Part of the NCRP plan is constructed to deal with a major objection to Social Security privatization, namely, the staggering cost of administering tens of millions of private accounts that would contain only tiny amounts of money. Something like 30-35 million Americans, including part-time, temporary and low-wage employees, earn less than $10,000 a year. By putting aside 2 percent of wages, a person earning $5,000 would save just $100 in a private Social Security account and the $10-$20 cost of maintaining that account would eat up a significant chunk of the person's savings. (Maintenance costs are relatively much higher for small accounts.)
To get around this problem, one recognized not only by critics of privatization but by many Wall Street experts who fret about having to manage so many small investors' accounts, the NCRP proposes to bundle the small accounts into a single government-owned investing corporation that would do business with perhaps a dozen money-management firms, from Vanguard to Merrill Lynch to Chase Manhattan Bank, which would bid competitively to qualify. Though such an arrangement might be only marginally profitable for Wall Street, and then only for the handful of firms chosen to manage the government-supervised accounts, as the accounts grew, individual account holders might be offered the choice of setting up and managing their own accounts with private securities firms.

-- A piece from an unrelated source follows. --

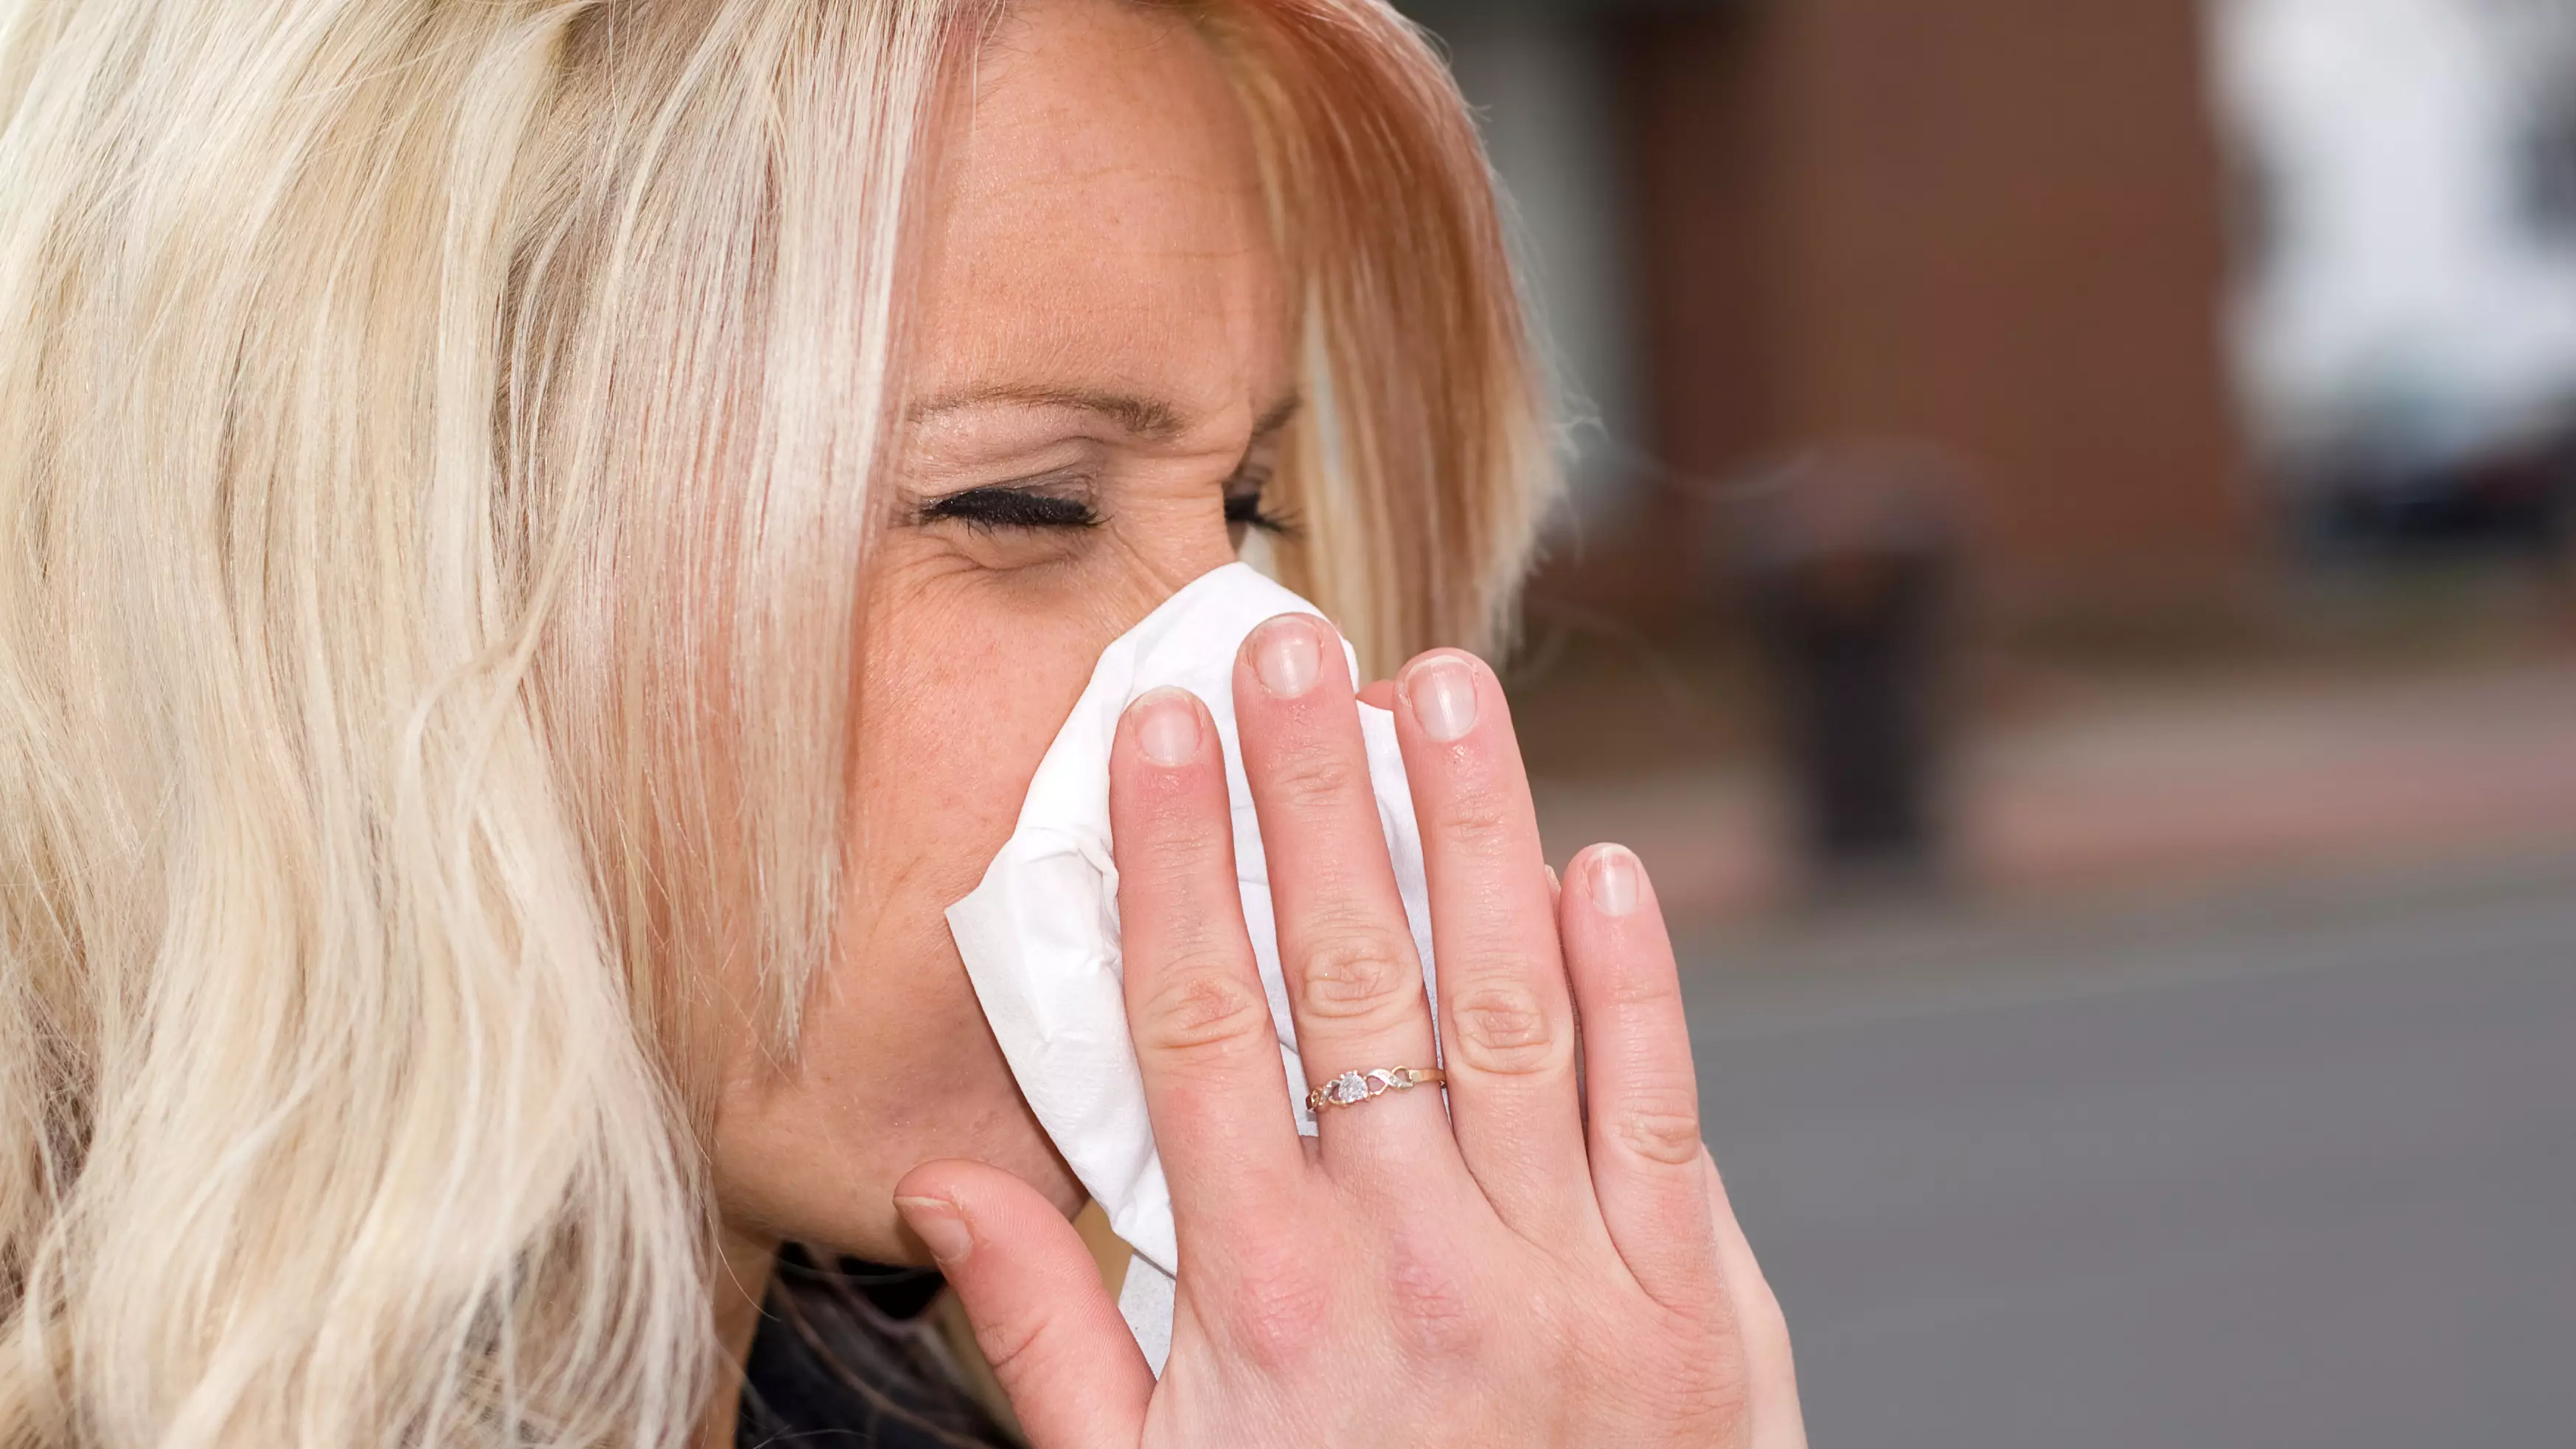 Don't Hold Nose And Close Mouth When Sneezing, Doctors Warn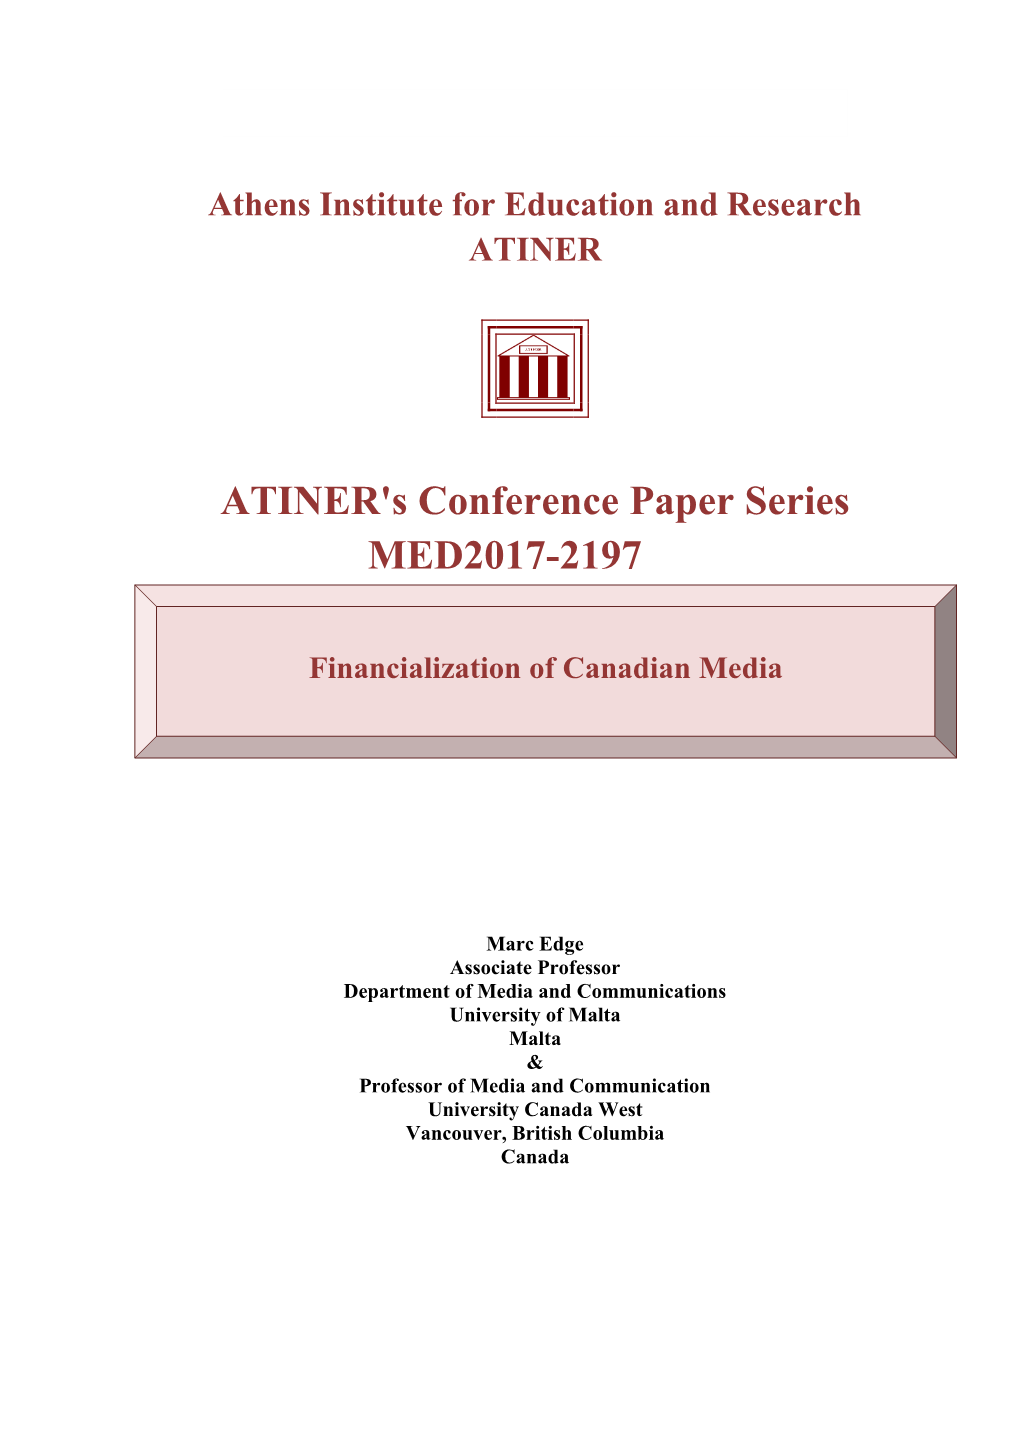 ATINER's Conference Paper Series MED2017-2197

While the financial industry has been busy funding the theoretical underpinning for Social Security privatization, it has also continued its traditional heavy donations to political parties and campaigns. During the '98 election cycle, securities and investment companies contributed more than $23 million, almost evenly divided between Republicans and Democrats. (In all, including insurance companies, banks, finance and real estate companies, more than $98 million was funneled into the 1997-98 election campaigns, both totals outpacing other industries' contributions.) In addition, lobbying itself was big business for the securities and investment company sector; in 1997 alone, it spent more than $31 million on Washington lobbyists. Just four organizations accounted for nearly half that total: SIA, with $5 million in lobbying expenses; ICI, with $3.7 million; Merrill Lynch, with $2.9 million; and the Bond Market Association, with $2.4 million.
Of course, as powerful as this apparatus is, Wall Street has hardly begun to mobilize its troops for the hand-to-hand combat that will be required to succeed in privatizing Social Security. A survey of Washington lobbyists for securities and investment firms and their allies reveals that most, though not all, are content to keep their powder dry. Part of their motivation for waiting is that a highly visible campaign by the industry would provide the enemies of privatization with a juicy target. "I think they've got to walk a fine line," says a Capitol Hill staffer working for Social Security privatization. "And I think that's smart. But they're on board." A key Democratic staffer says, "Early on, ICI did go around. Their lobbyist, Mike Stern, was kind of feeling people out. But they're not lobbying now."
Indeed, two years ago Stern was actively engaged in trying to raise the profile of Social Security privatization on Capitol Hill, but he was reined in when articles began to appear highlighting ICI's role. "The institute has no ongoing activities in regard to Social Security privatization," says ICI spokesman John Collins. "And we are not salivating over the idea or anything like that." But ICI is on record favoring at least some privatization and, says Collins, "If you allowed individual accounts at something like the 2 percent level that's being talked about, it would be something that the institute would support."